Starting with the line in which "พบติดเชื้อโควิด-19 รายใหม่ 795" appears, give back every line exactly as written until the listing ends, excluding pictures.

── Information shown ──

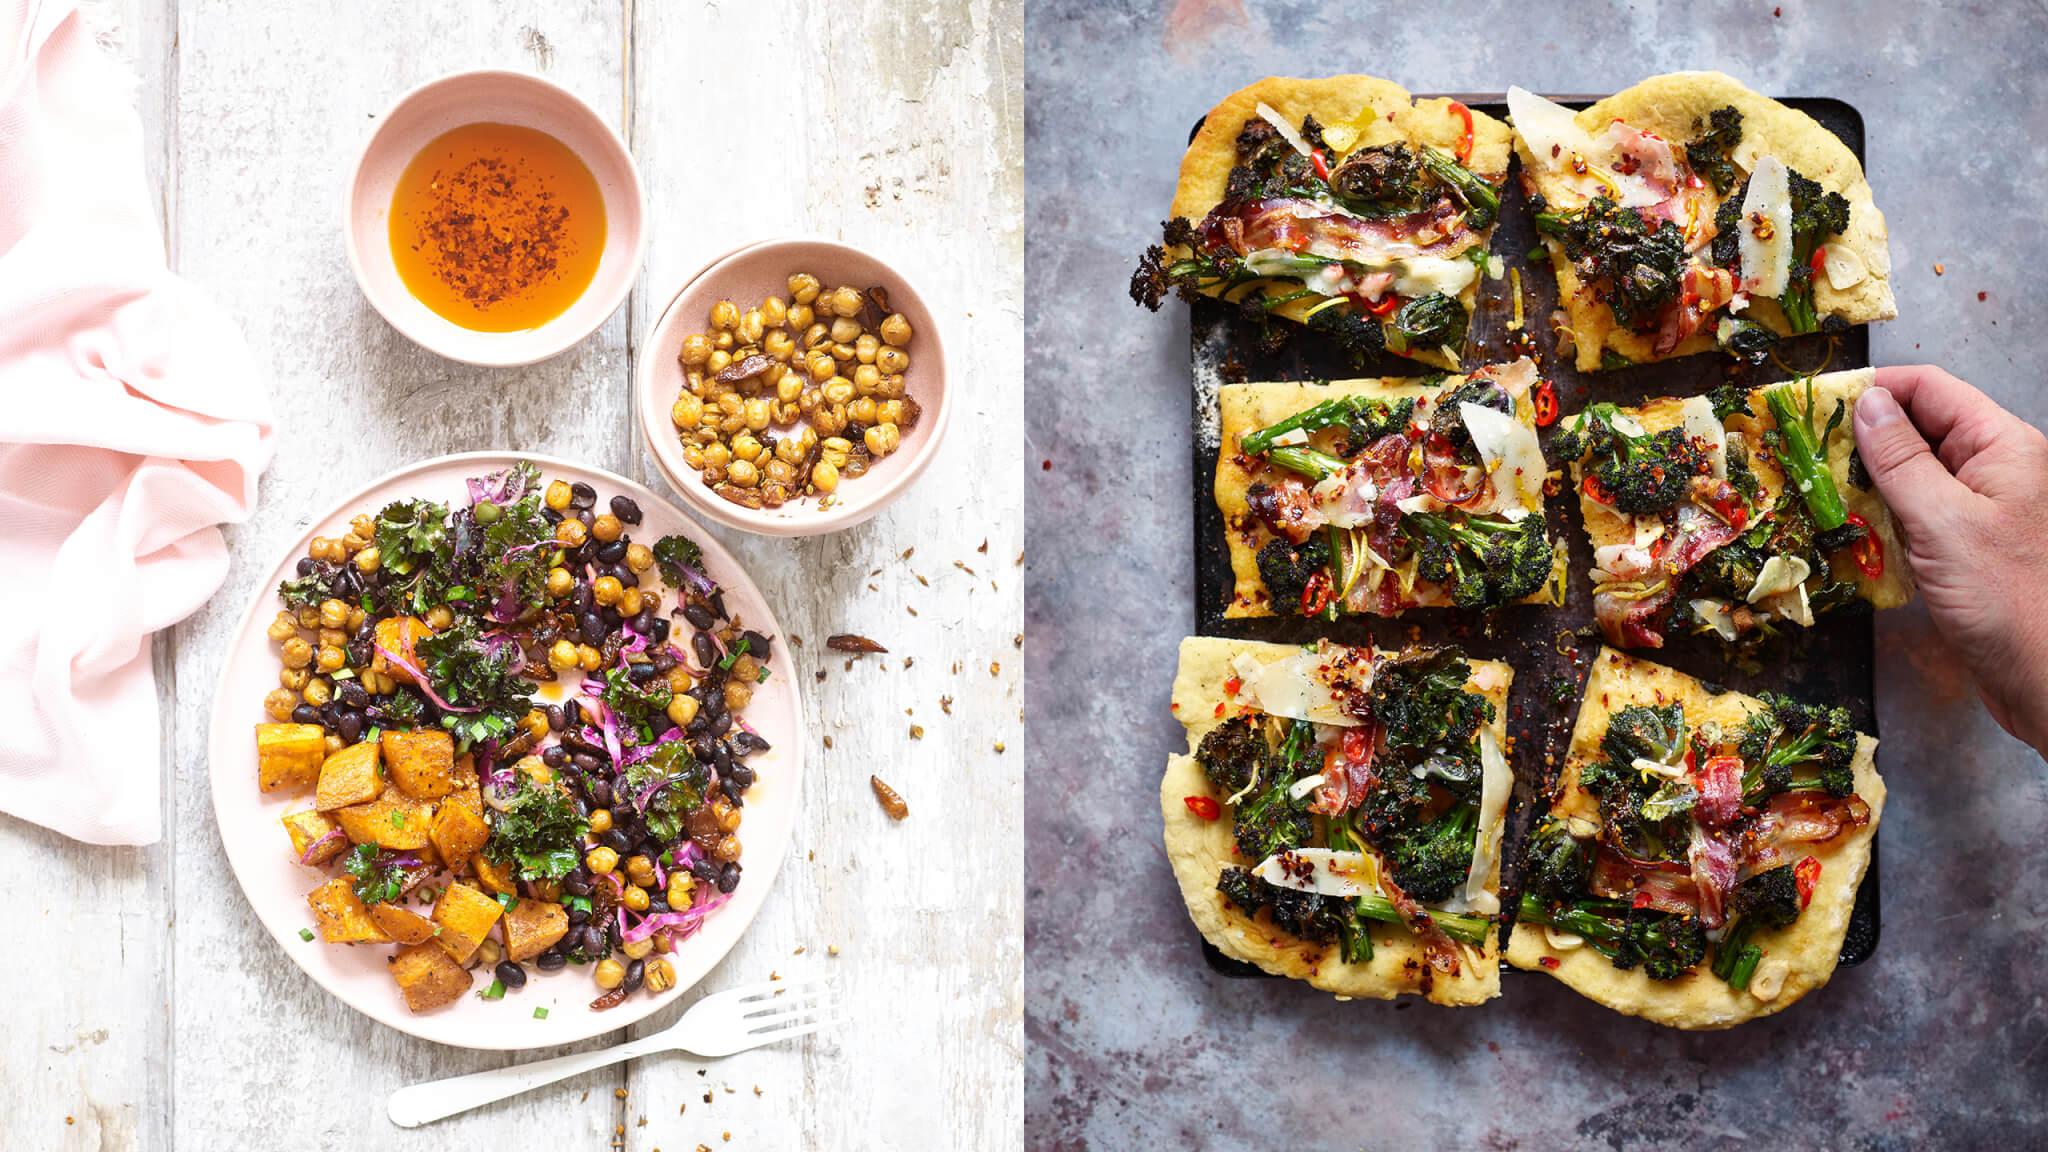 Kalettes- Food 2
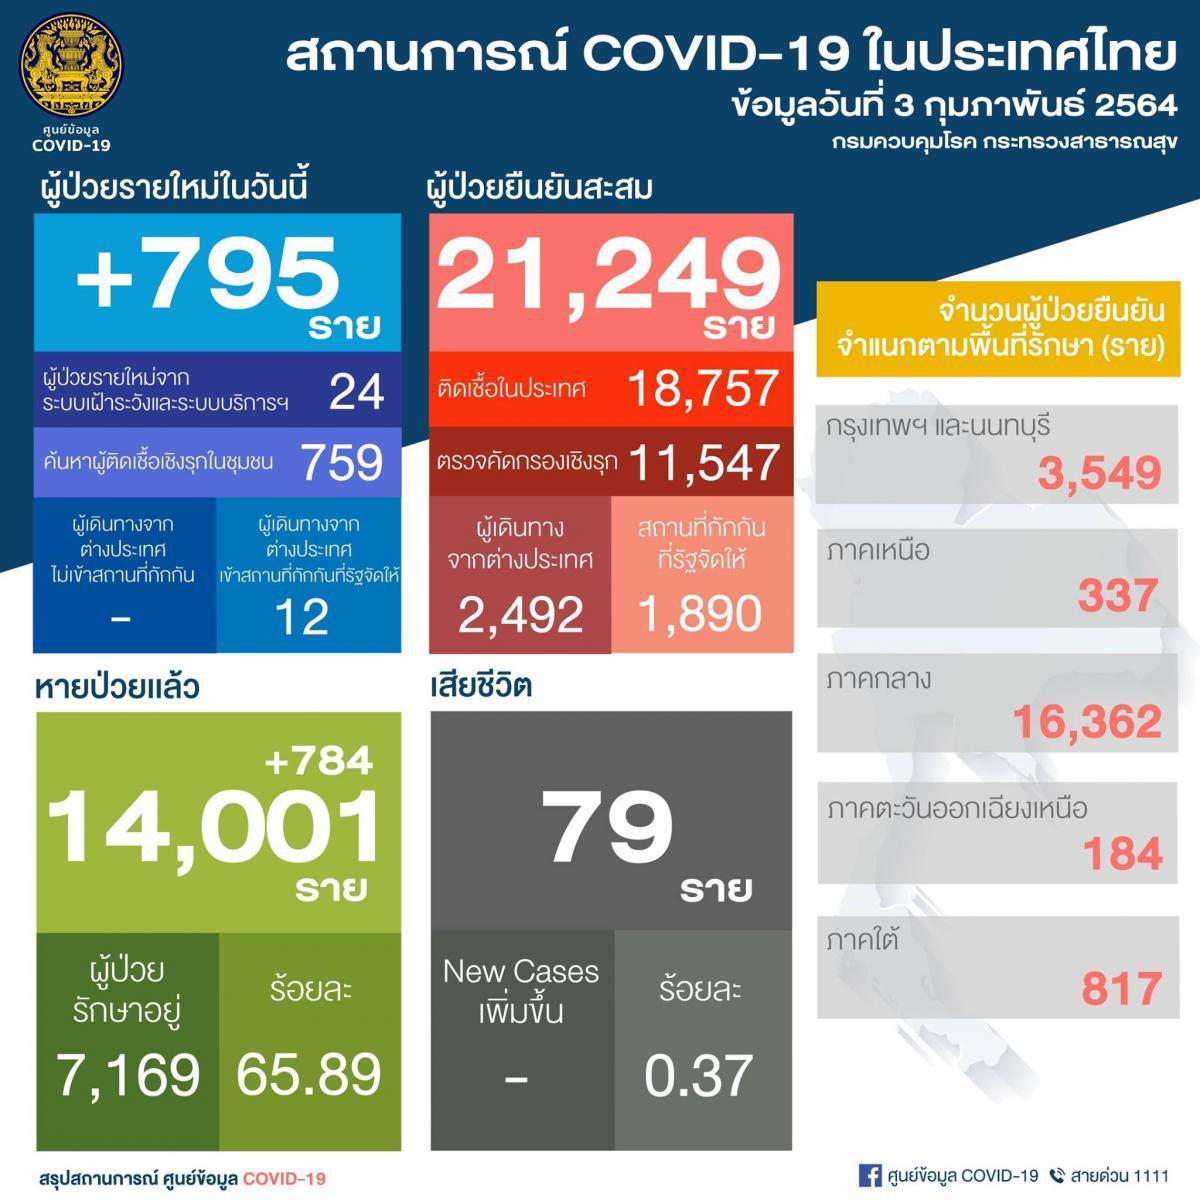 พบติดเชื้อโควิด-19 รายใหม่ 795 ราย ยอดสะสม 21,249 ราย
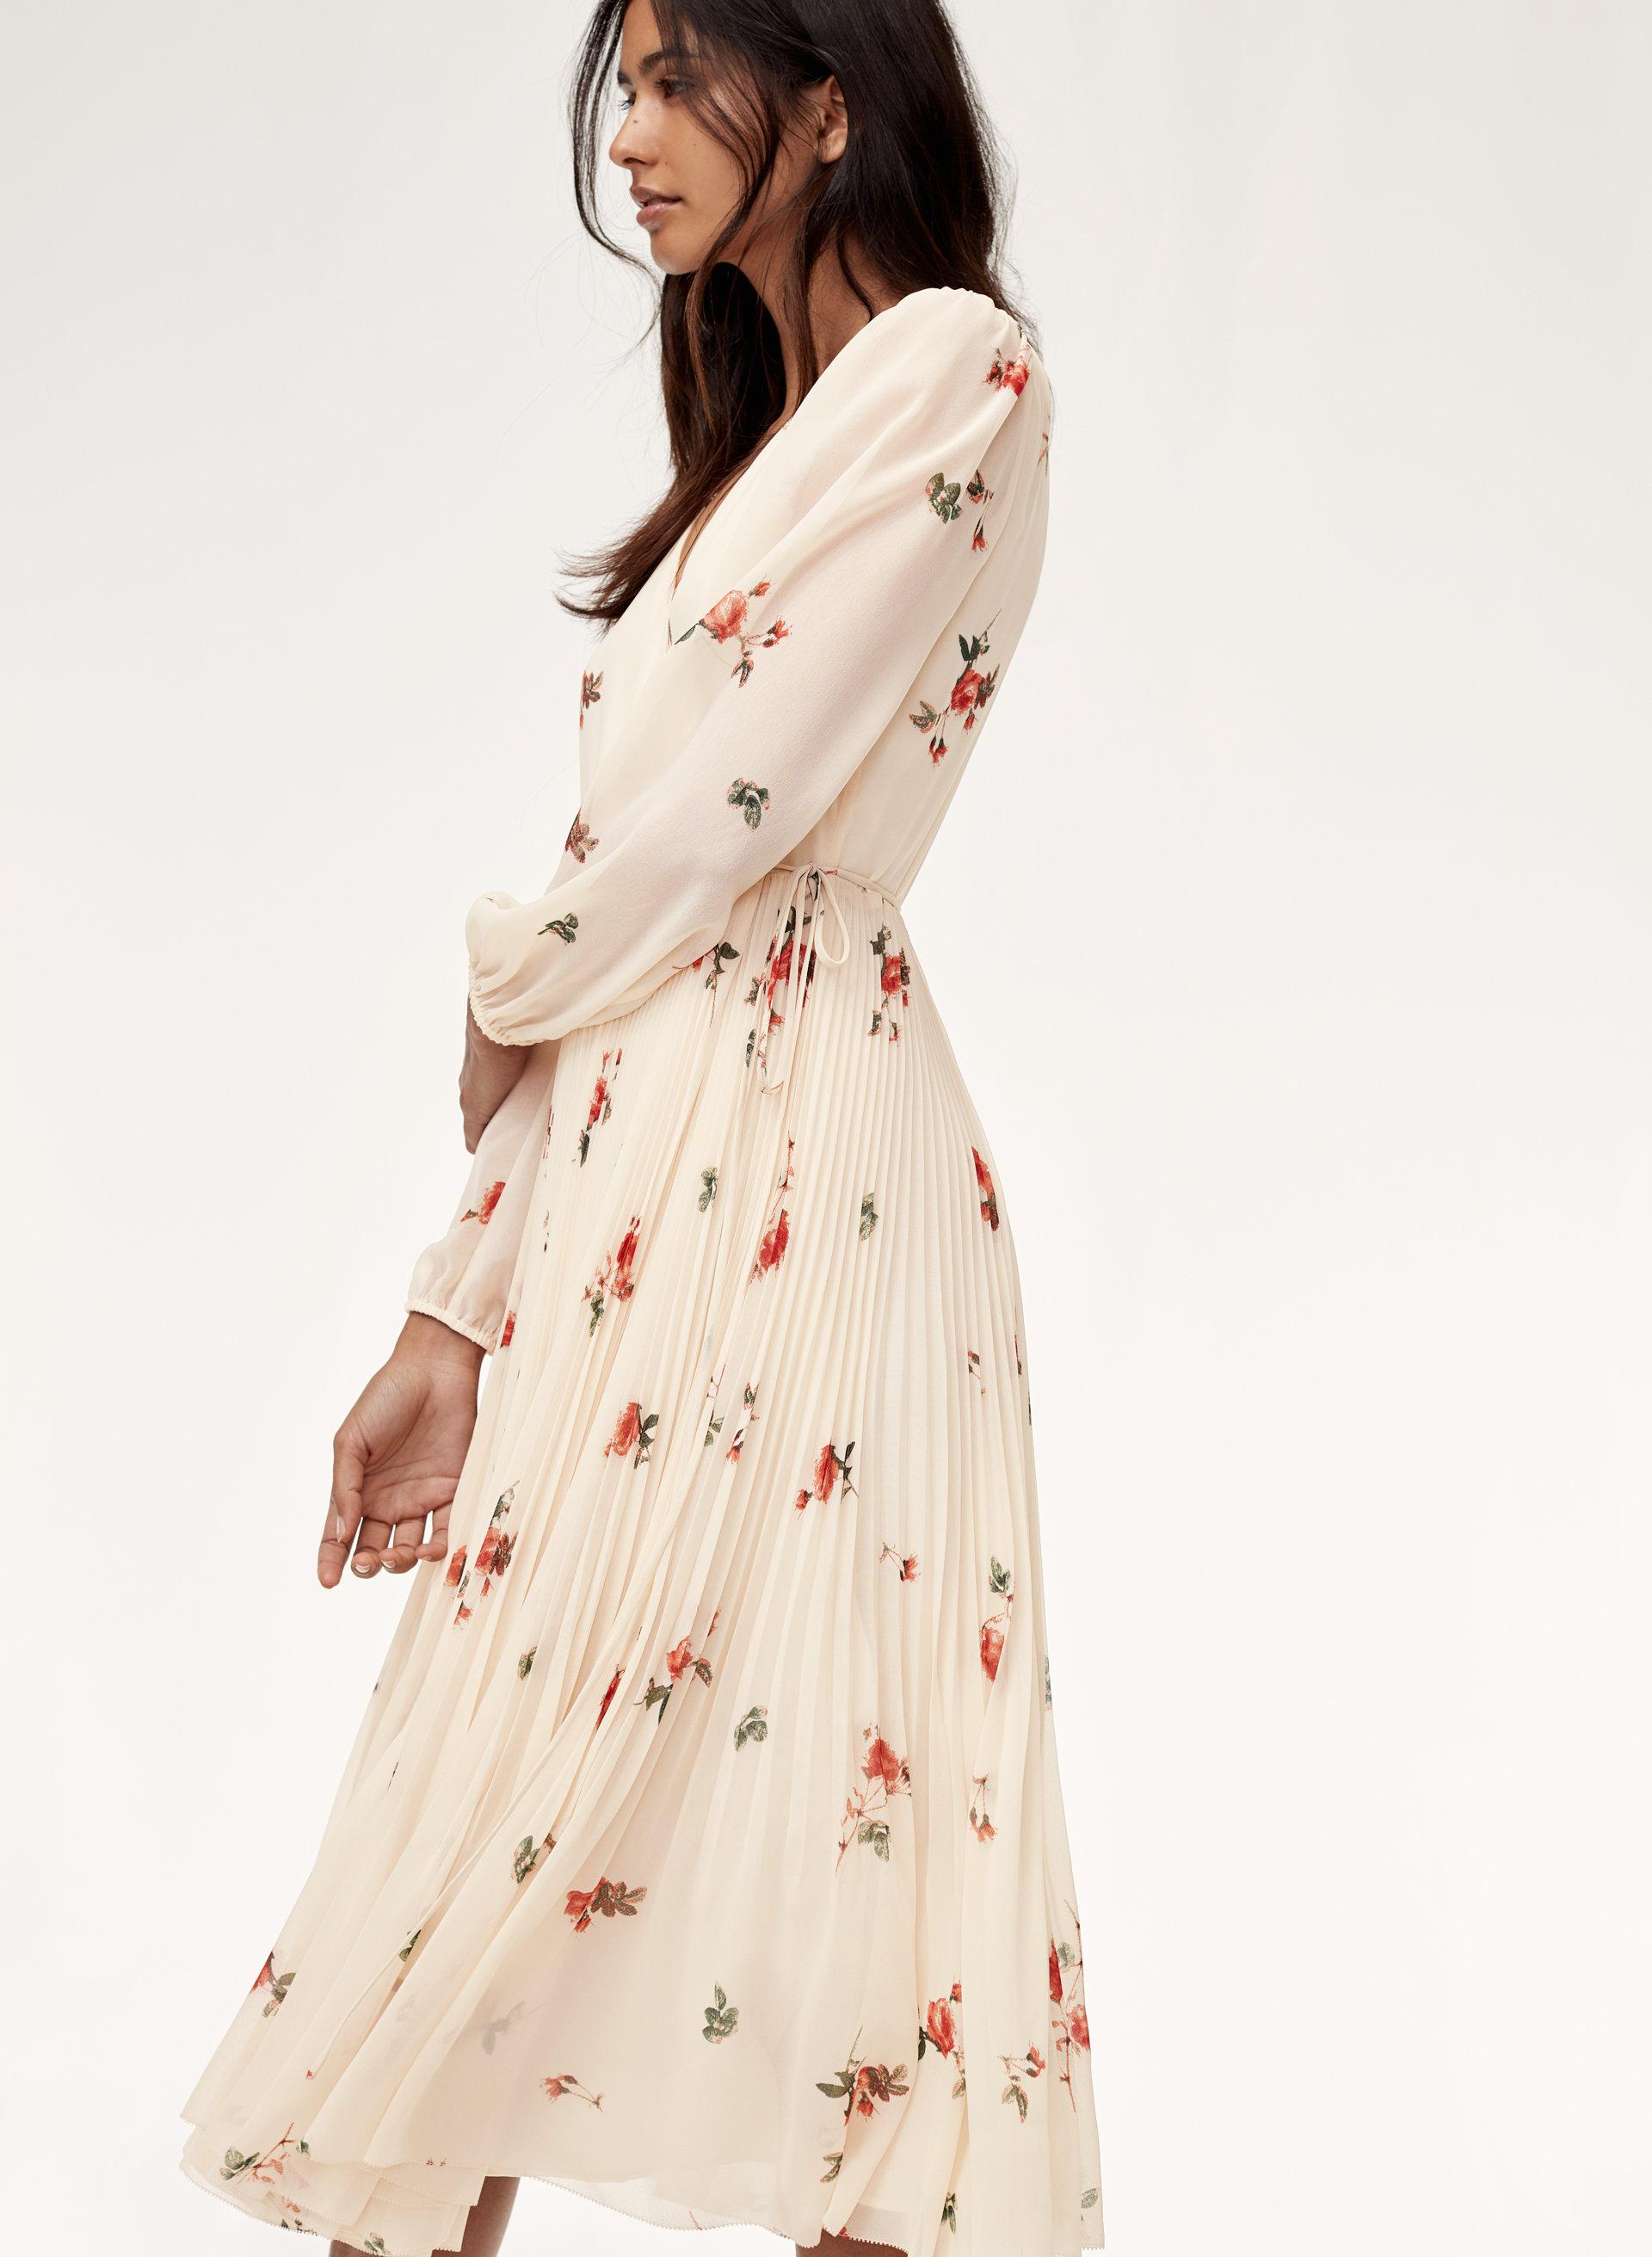 ... Wilfred BEAUNE DRESS - LSLV | Aritzia ...  sc 1 st  Aritzia & Wilfred BEAUNE DRESS - LSLV | Aritzia CA

───

__Response below__:
 พบติดเชื้อโควิด-19 รายใหม่ 795 ราย ยอดสะสม 21,249 ราย
 ... Wilfred BEAUNE DRESS - LSLV | Aritzia ...  sc 1 st  Aritzia & Wilfred BEAUNE DRESS - LSLV | Aritzia CA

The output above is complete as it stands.